# Command Barges - Best Loadout?



## The Sturk (Feb 3, 2012)

Now that the rider and the chariot are now one entity, which would likely be the best loadout for a Command Barge?

With the buffs to chariots, I'm half tempted to max-out on the Chariot, including Res-Orb (since the chariot and Overlord reconstruct together), Phase-Shifters, Sept. Weaves and the standard Warscythe and Mindshackle, but this becomes extremely expensive.

So I'm curious, what would you all say is an ideal loadout?


----------



## Xabre (Dec 20, 2006)

Can I just sob about mourning Anrakyr on the barge? I bought one specifically for him. 
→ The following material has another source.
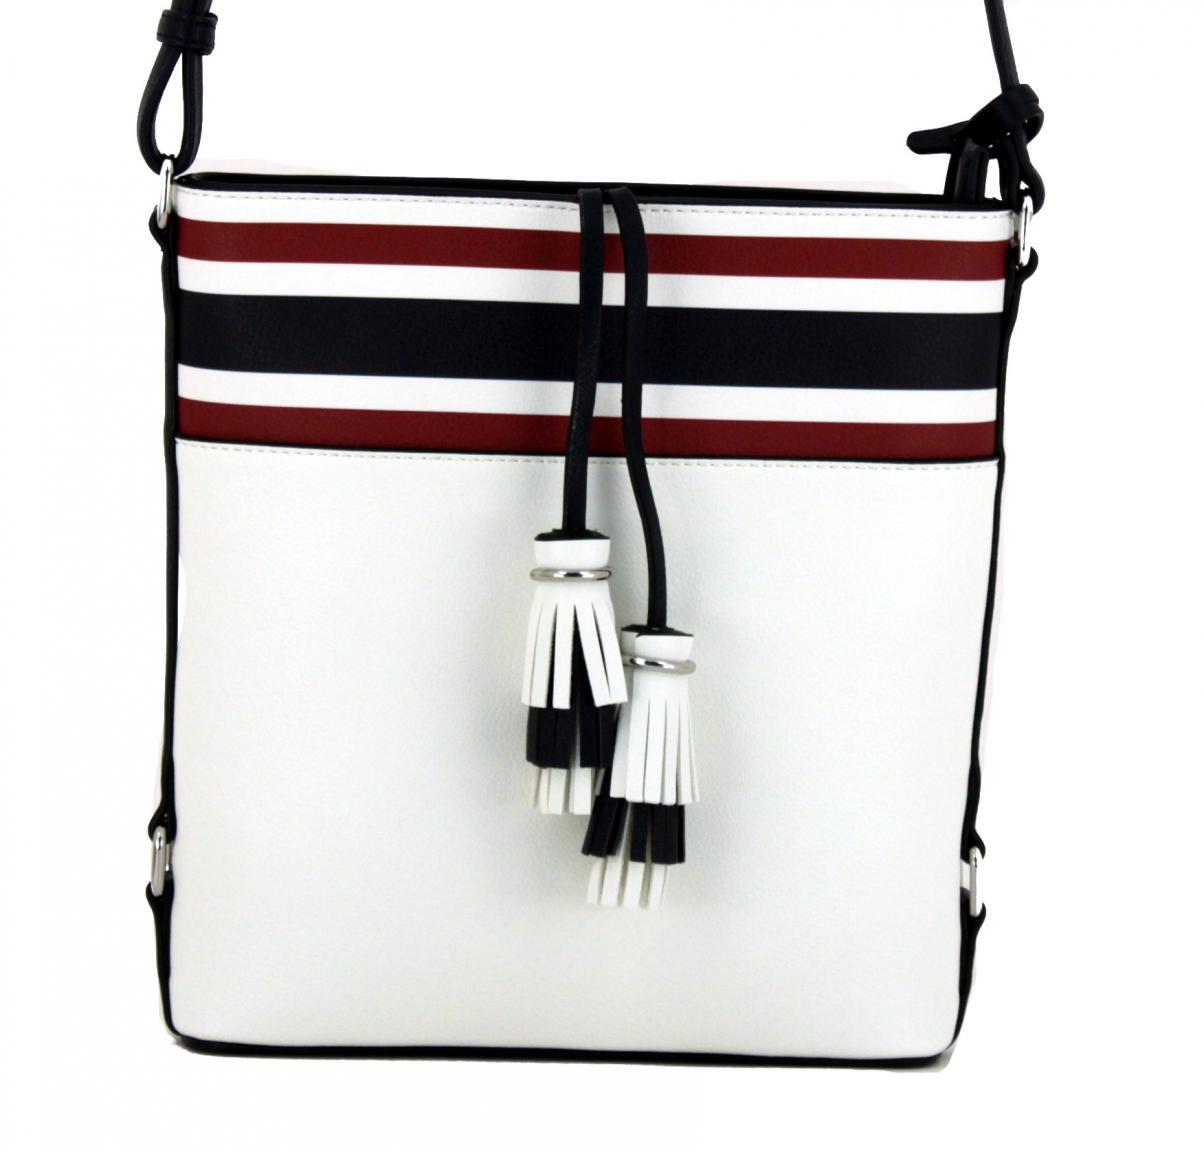 Crossbody Bag L.Credi Cristen weiß rot blau Fransenanhänger

To specifically answer the question, I'd go full kit to make it worth it... but never, EVER leave home without the warscythe.


----------



## MidnightSun (Feb 10, 2009)

I'd roll with Phase Shifter, Mindshackle Scarabs and Warscythe and probably leave it at that - the Orb is nice, but a little too expensive for +1 to reanimate on one model (awesome though Reanimating a Barge is). I'd leave out Sempiternal Weave - the way I see it, you tank the Autocannons and Missile Launchers on the AV13, and then if someone points a Meltagun at you then you put it on the Overlord so you can't die in one shot. If you're strapped for points, though, Jinking gives the Overlord a 4+ against Meltas or Haywire (Stormteks are really sad when they shoot you and it hits a T5 3+ dude instead of a vehicle), so the Phase Shifter isn't _entirely_ necessary. Jinking has essentially no downside though. Mindshackle is mandatory since it's so stupidly good, especially in challenges. Warscythe is the only good weapon a Necron character can take, so that's a mandatory option.


----------



## falcoso (Apr 7, 2012)

Warscythe always, and yeah Phase Shifter as you just take any other wounds on the Barge itself. Mindshackle should be on every lord IMO as they are just brilliant especially when you kill 4(?) GK from mindshackling the one with a deamonhammer (wink wink Midnight  ). But its true they basically win your challenges. If you really have points get a tachyon arrow as its probably the only time it may be of use as you aren't wasting the entire attached unit's shooting too on the vehicle, but that is if you have enough of everything else which is rare.

As for the barge itself I would take the gauss cannon on the bottom as AP3 is always nice and you will actually be firing at full BS unlike on the Annihilation barge where the full BS would be on the destructor


----------